Un artiste engagé socialement
Bien connu dans l’arrondissement, l’artiste burkinabé a fondé la troupe Lamogoya, en 2009, pour promouvoir la culture africaine. «Je veux faire se rencontrer des gens de différentes cultures», explique l’homme de 38 ans. Du Burkina Fasso, il a conservé de nombreux liens amicaux et familiaux, puisqu’il est agent d’artistes burkinabés. Sa famille est encore en Afrique et il jubile, car il vient d’apprendre une bonne nouvelle : «ma petite sœur vient d’accoucher!»

Mais c’est aussi une préoccupation sociale qui anime Bebeto Ulrich Lonsili. «C’est ma mission sur terre», assène l’artiste.
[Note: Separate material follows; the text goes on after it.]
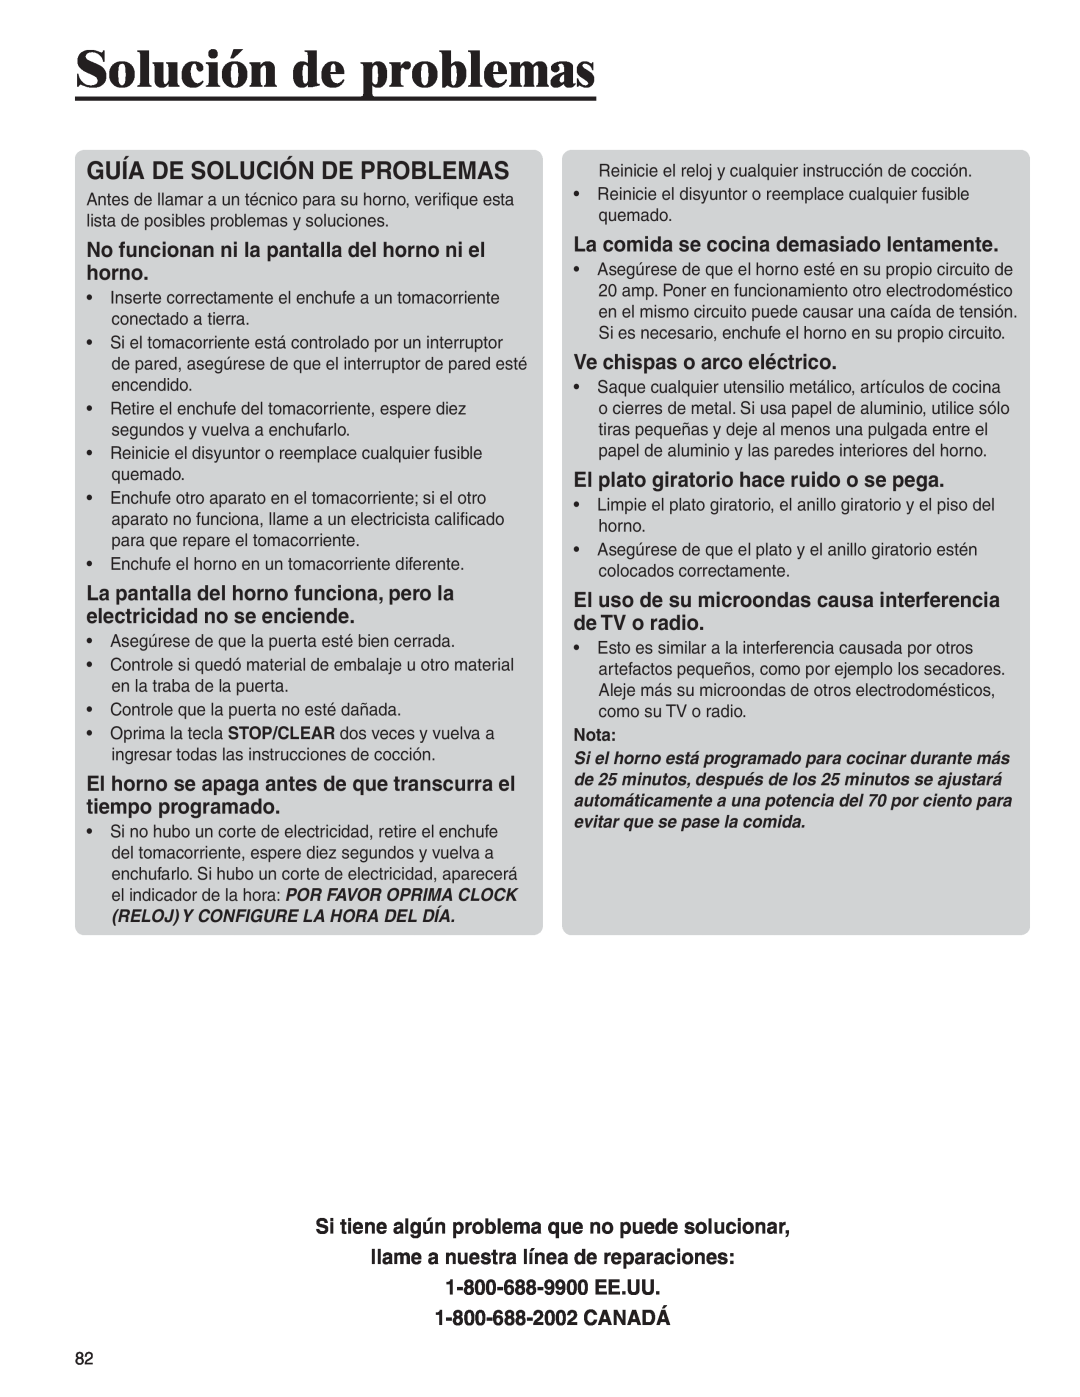 Amana AMC6158BAB, AMC6158BCB important safety instructions Solución de problemas, Guía De Solución De Problemas

Il est intervenu dans les écoles et les bibliothèques du Québec avec le projet « À l’ombre du Baobab », et s’implique dans de nombreuses causes. Lac Mégantic, Ébola, Philippines, Congo, … son engagement n’a pas de frontières.

Du travail à faire sur les préjugés
Il aime à souligner l’apport de la communauté noire dans la société québécoise. «Il reste encore beaucoup à faire dans l’acceptation, et les préjugés sur la couleur de la peau», admet-il. Pourtant, il remarque qu’il n’y a pas ici de racisme comme en Europe. «C’est différent, mais il reste du travail à faire», ajoute M. Lonsilil.

L’artiste burkinabé travaille sur son prochain évènement, la 4e édition de l’Hommage aux Femmes, à l’occasion de la Journée internationale de la Femme. Près de mille personnes sont attendues les 7 et 8 mars prochains, au 5035, rue Saint-Dominique et à la Maison d’Afrique, afin de débattre des problématiques des femmes en 2015.